I have been devouring books for as long as I can remember. Books are my escape. My happy place. Nothing entertains me more than sitting in my chair, reading a book with my kitten nearby for comic relief.
For the last 16 months, I put a halt on my personal reading to go back to school. After a failed relationship, feeling unfilled in my job and needing a new project, I decided graduate school would be the perfect distraction. Little did I know that it would kill my desire to pleasure read for more than a year.
During my time studying project management, I was reading more than I do for fun; but it wasn’t the topics I would choose to read on my own.

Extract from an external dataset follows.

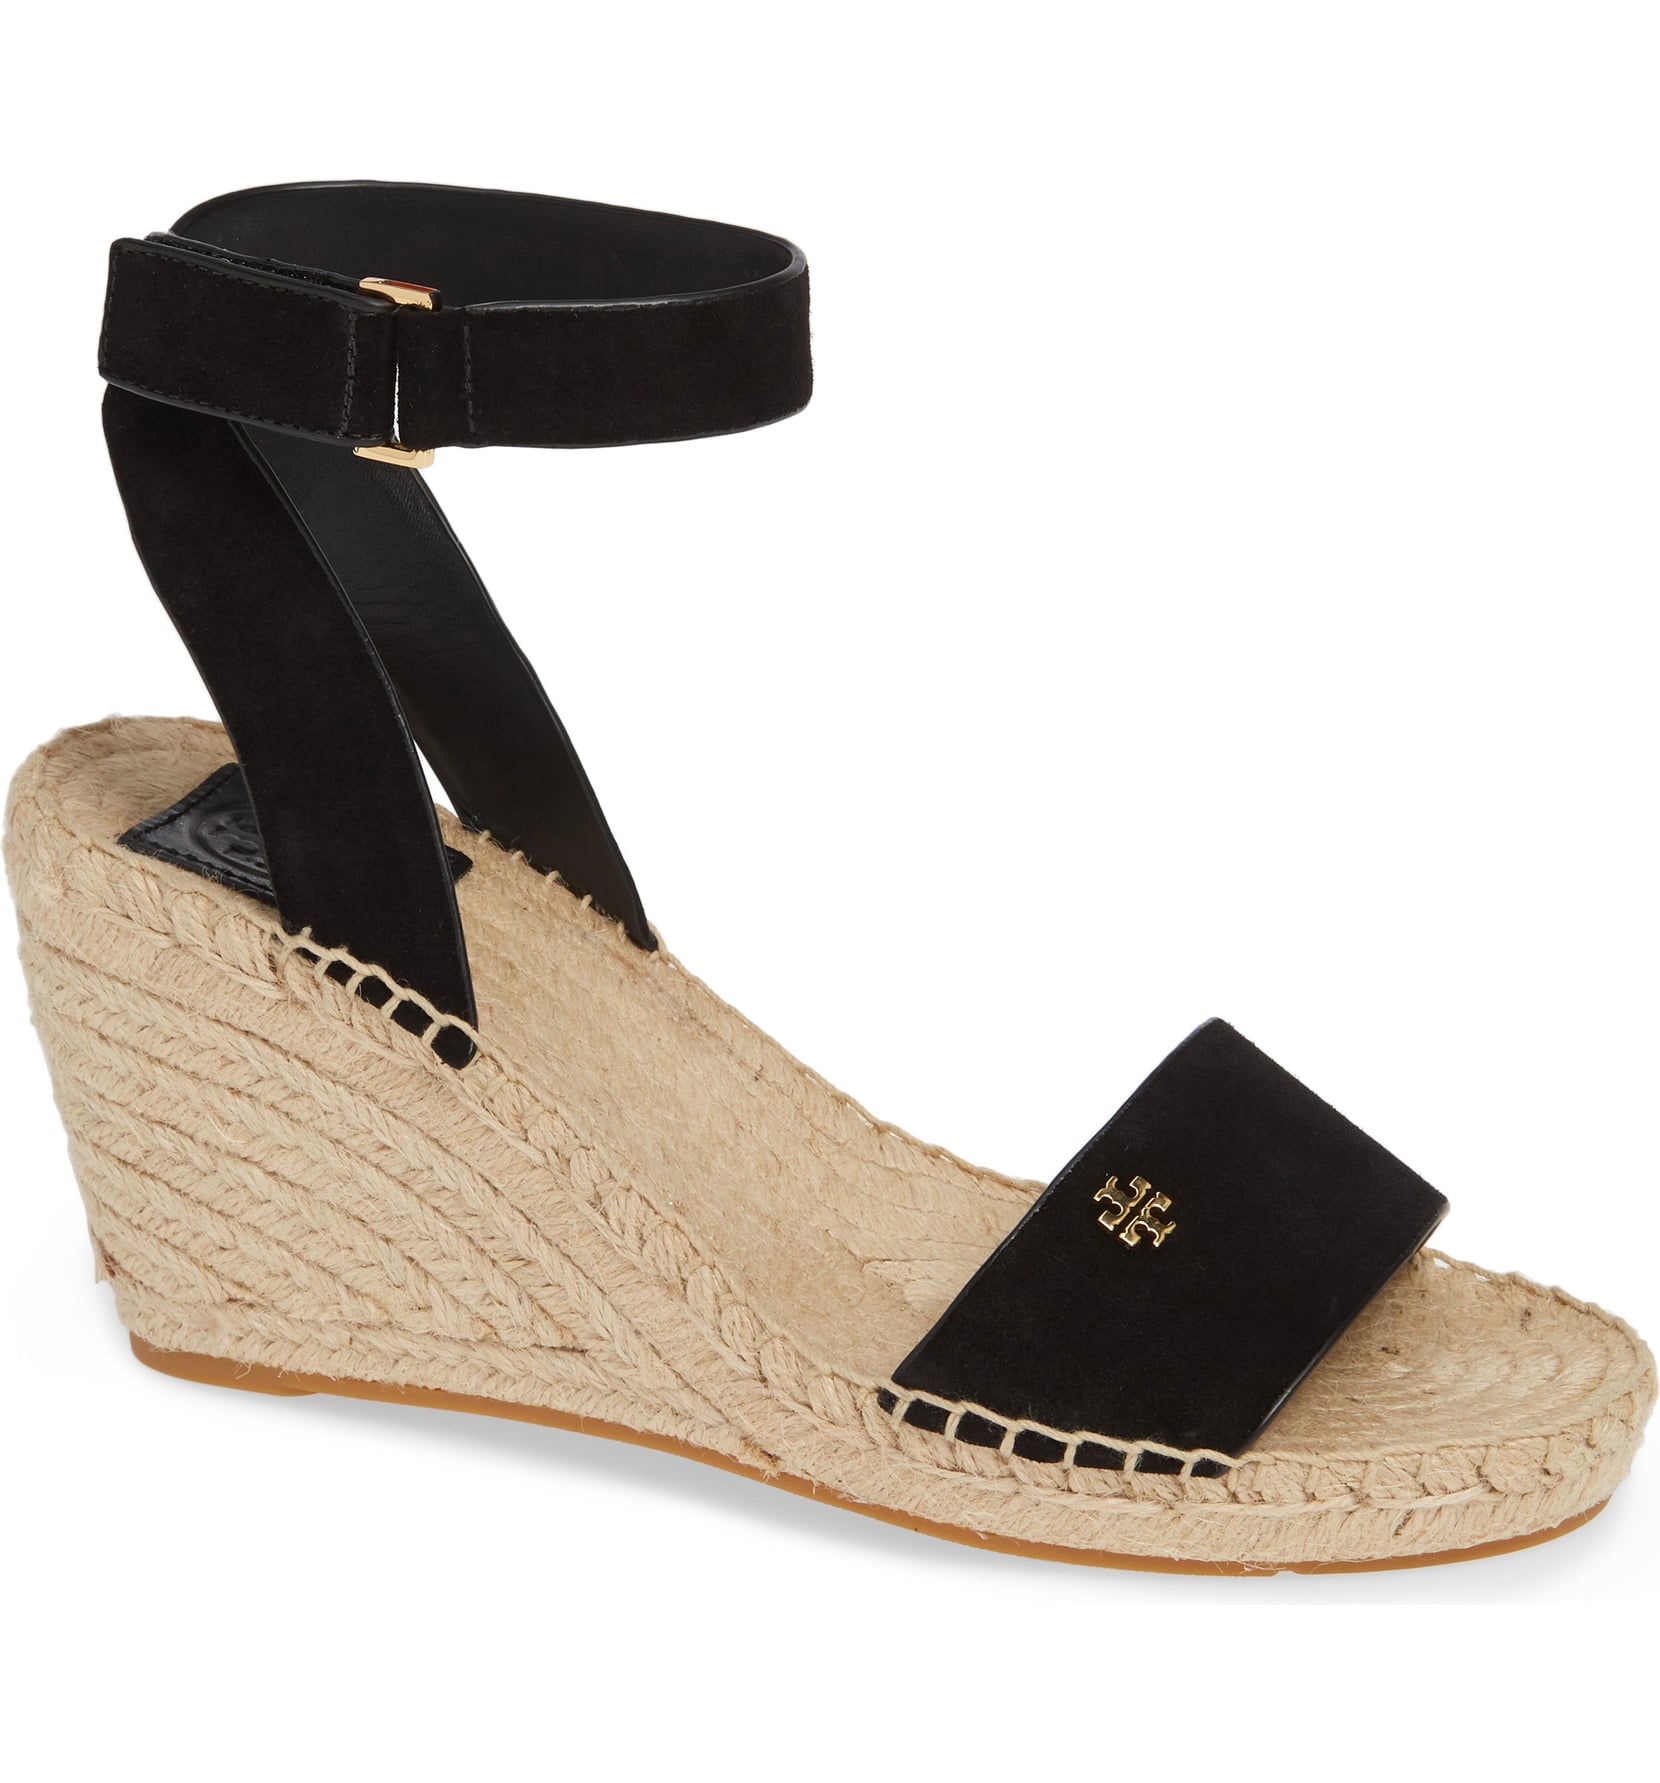 Tory Burch Bima 2 Espadrilles | Nordstrom's BIG Pre-Summer Sale Is Here,  and These 19 Deals Should Be on Your Radar | POPSUGAR Fashion Photo 4

I mean, who doesn’t enjoy cozying up in a blanket to read about managerial accounting? On average, I was reading 100 – 300 pages of text each week so when it came time for me to relax and unwind, the last thing I wanted to do was read.
I often felt guilty about the growing stack of novels accumulating on my dresser. I would sigh (and often whine) to myself anytime I thought about reading, but just didn’t have the mental strength. At one point, my kitten started chewing on the book covers because she assumed their lack of use meant it was a play-thing for her.
Now, after graduating in June, I am proud to say that my love of reading has a new level of appreciation. Taking time to read books that were not in my wheelhouse allowed me to expand my horizons and appreciate academic readings. It also cemented my hatred of writing in third person. Jackie really loathes that.
Since graduation, I have read all the books I had saved for my post-graduation reading marathon. I read seventeen books total in six weeks because I couldn’t get enough of reading what I WANTED. I picked up some random finds from the gym including My Year with Eleanor by Noelle Hancock. The book was a memoir inspired by Eleanor Roosevelt’s fearlessness and desire to learn by doing things that scare you. I also enjoyed Holly Madison’s Down the Rabbit Hole which gave away the saucy details of Huge Hefner, and dished on Holly’s years as his main squeeze while living at the Playboy Mansion.
I am thrilled to have six more books saved away for my upcoming East Coast vacation including: Carolyn T. Dingman’s Cancel the Wedding, Lauren Weisberger’s The Singles Game and Liane Moriarty’s Truly, Madly, Guilty. Additionally, I am back to scavenging book websites (like the great Shelf Pleasure) for new reads and checking up on my favorite authors on social media.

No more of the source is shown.